Module 12: Evaluation Study Designs

Qualitative Design

It is uncommon for evaluators to use only qualitative methods when evaluating a program. Some clients are more at ease with making decisions based on quantitative data outputs, while some understand the significant costs and time associated with qualitative data collection. It is also very difficult to generalize to other populations based on qualitative data, which therefore makes program replication and scale-up a challenge. On the other hand, supporters of qualitative evaluations believe that context is such a large factor in program implementation success that generalizing to other populations is not possible despite the methodology choices.(1) However, qualitative evaluation methods are extremely beneficial in providing rich program feedback and evaluators should consider integrating them into the evaluation plan, i.e. using a "mixed methods" approach. For more information on qualitative data collection methods to incorporate into program evaluations, please refer to the certificate in Global Health Research.

Quantitative Designs

If clients or stakeholders are interested in a quantitative evaluation plan, there are a number of design sequences that can be used, depending on time, money, and availability of data. Linking directly to the needs of the stakeholders and the purpose of the evaluation, study designs can either be experimental (with a traditional control group), quasi-experimental (with a comparison group that may not necessarily be a control group), or non-experimental (where no formal control or comparison group exists).(2)It is important to note how evaluation differs from monitoring; monitoring data like monthly reporting forms, stock outs for supply chain management, and some disease tracking is done consistently and frequently throughout the life of a project. Please refer to http://www.uniteforsight.org/metrics-course/monitoring-evaluation  for more information on the differences between monitoring and evaluation processes.

In many cases, it is impossible to randomly assign individuals into experimental and control groups, as is often done in clinical or randomized control trials (RCT). When RCT is unavailable, comparison groups are selected that match the target population on a number of population characteristics, closely resembling the group that receives the intervention. This is the main difference between experimental and quasi-experimental designs.(3) For example, if the intervention is held in a school, a classroom that is not receiving the intervention may be used as a comparison group; this ensures that the children in the intervention and comparison groups have had somewhat similar school experiences, are most likely the same age range, and may live in the same geographic area.(4)

Quasi-experimental design (QED) is the most common quantitative design in global health evaluation. There are various schedules of data collection, differing in level of robustness according to time, money, and availability of data (see: Constraints on Evaluation).

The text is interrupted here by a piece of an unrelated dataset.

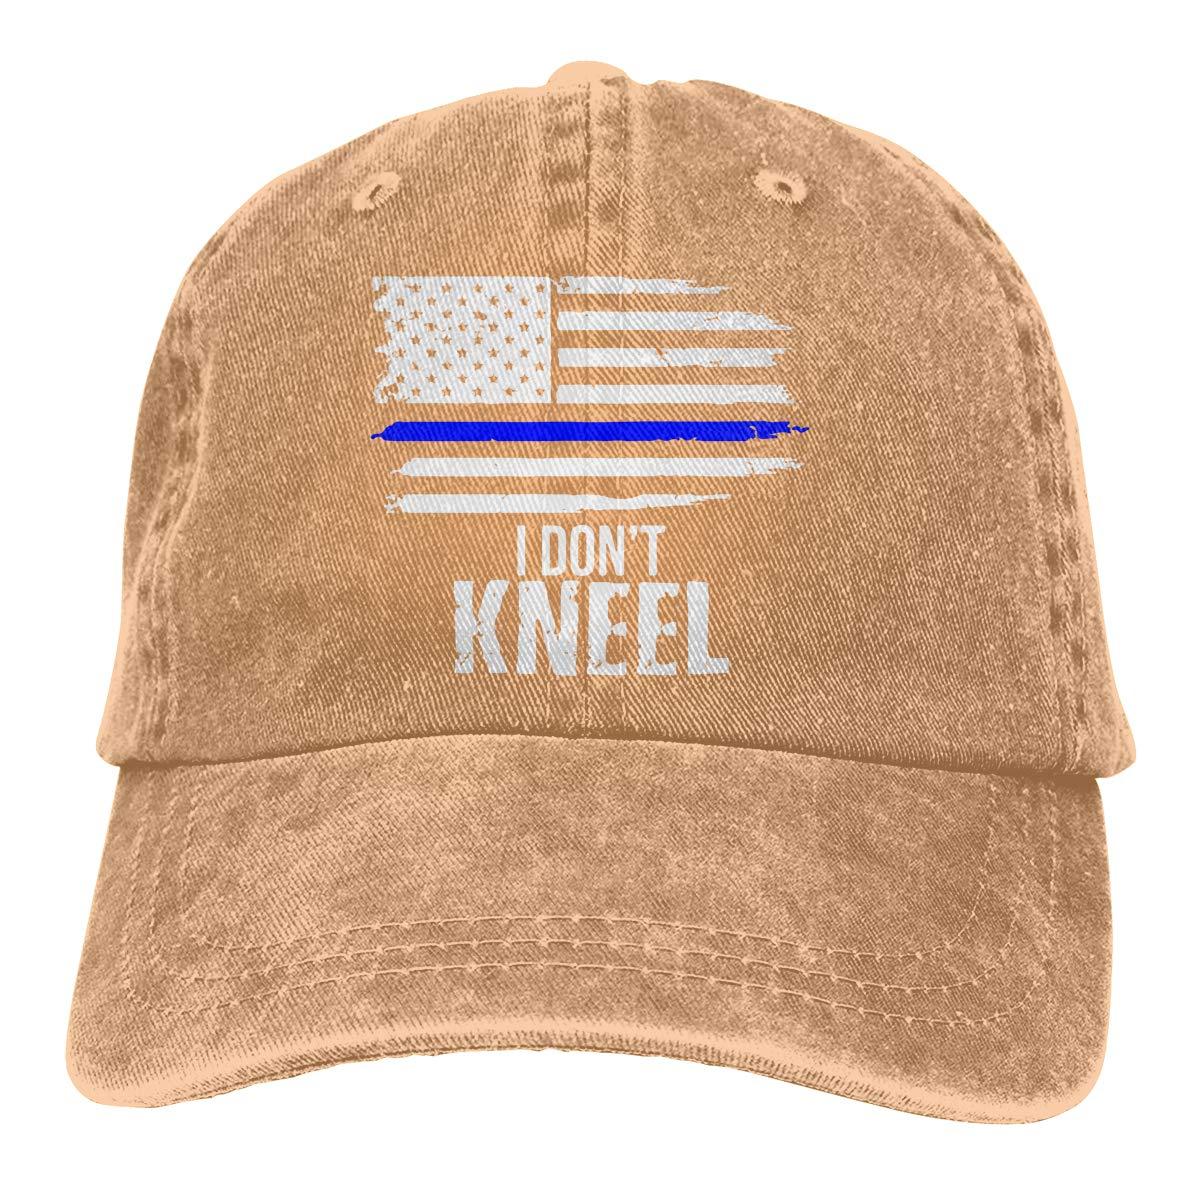 PMGM-C I Dont Kneel Unisex Personalize Cowboy Hat Outdoor Sports Hat Adjustable Baseball Cap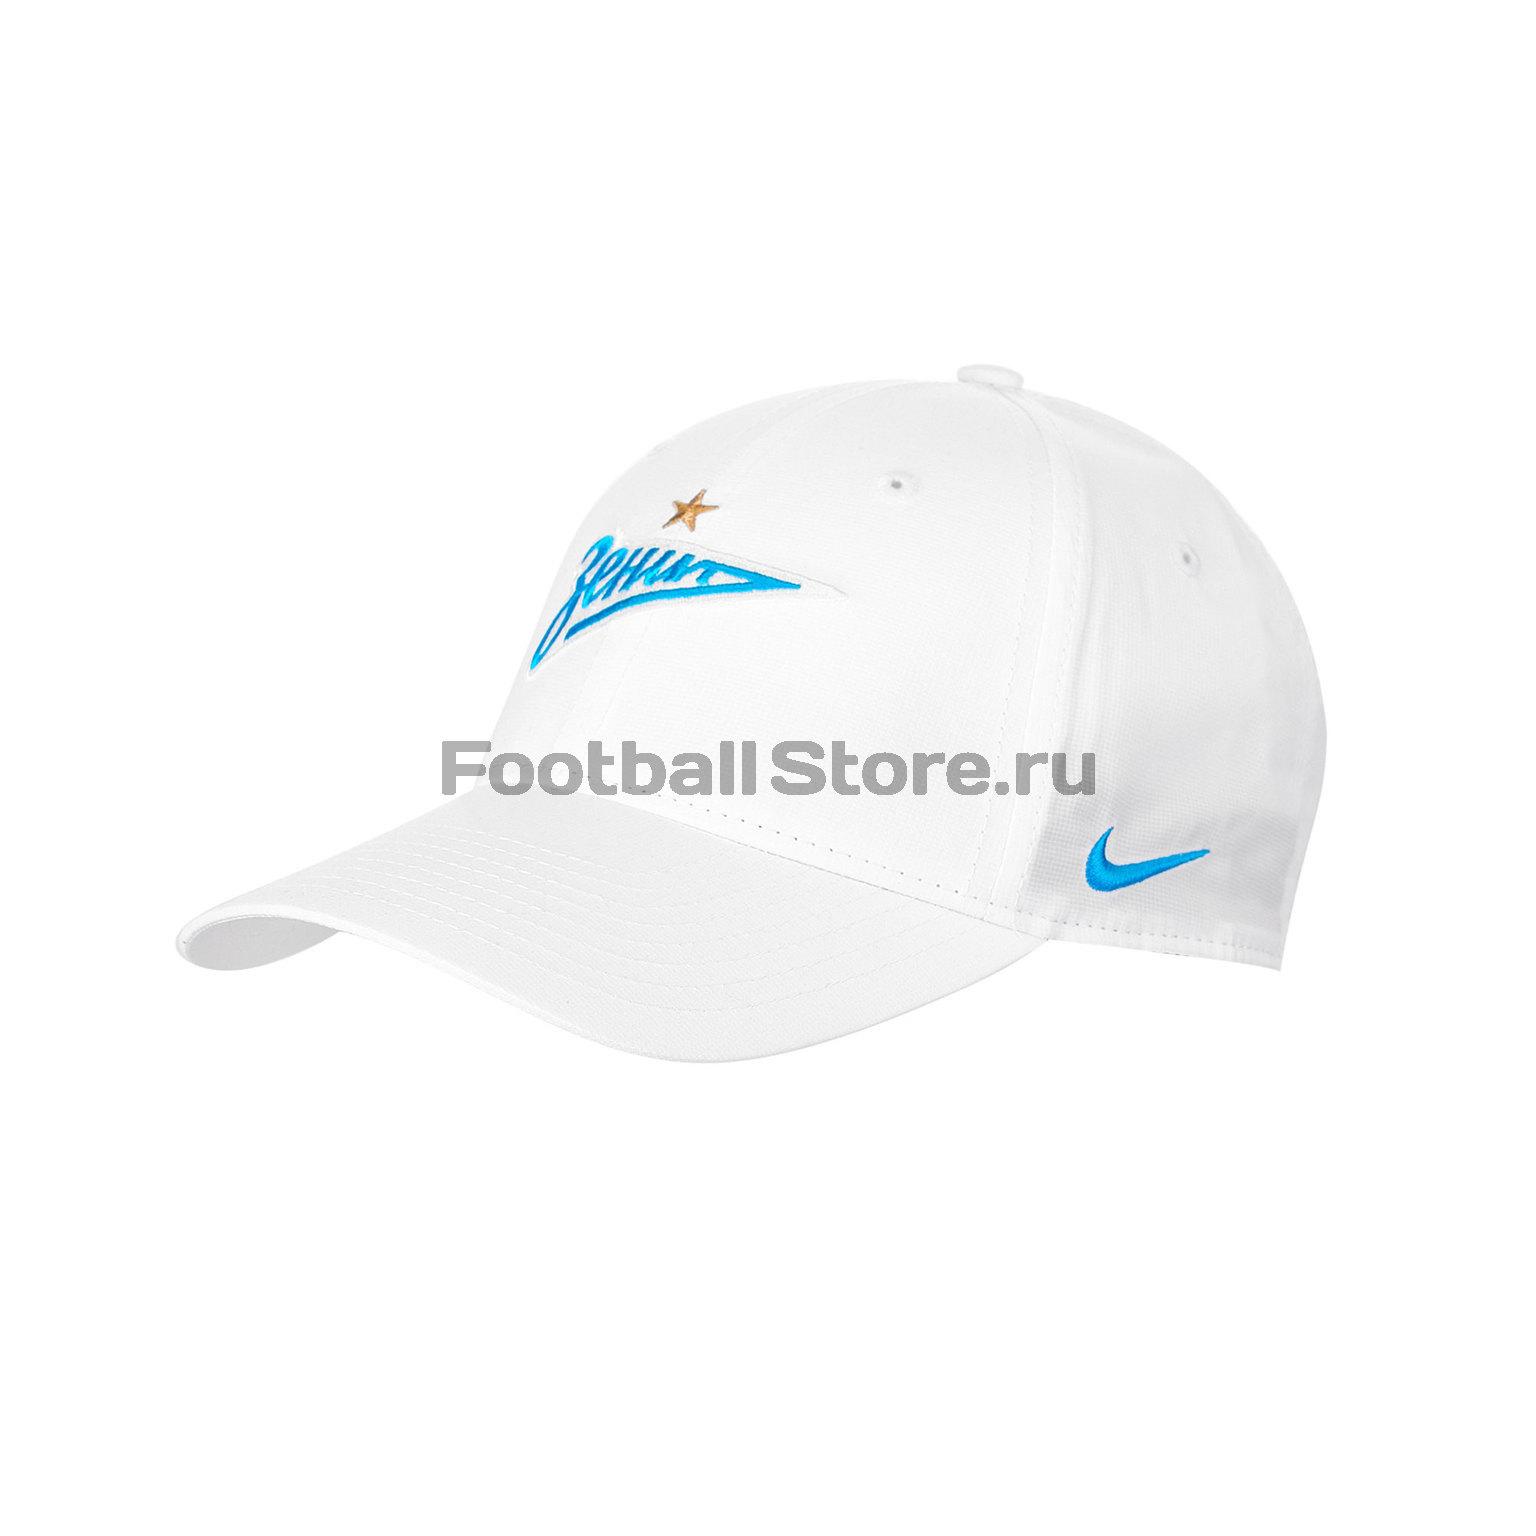 Бейсболка Nike Zenit BV6431-100

It is recommended that QED data collection occur at four different time periods: pre-intervention, mid-intervention, post-intervention, and ex-post intervention. Pre-intervention data (also referred to as baseline data) is collected on relevant evaluation indicators prior to intervention. Evaluators and program implementers look for changes in the intervention group from pre- to post-intervention data, signaling the possibility of project impact. Baseline data may also be collected far in advance of program development as a way to determine the needs of the community in more participatory approaches. Mid-intervention measures occur around the mid-point of intervention, which will vary according to the timeline of intervention. Post-intervention data is collected immediately after the intervention has ended, and ex-post data is collected much later, possibly 5 to 10 years after the intervention has ended, in order to assess the impact or sustained effects of the program.(5) At each of these times, data may be collected from the intervention group, the comparison group, or both. The source and time of data collection will depend on the level of available resources and the needs of the evaluation.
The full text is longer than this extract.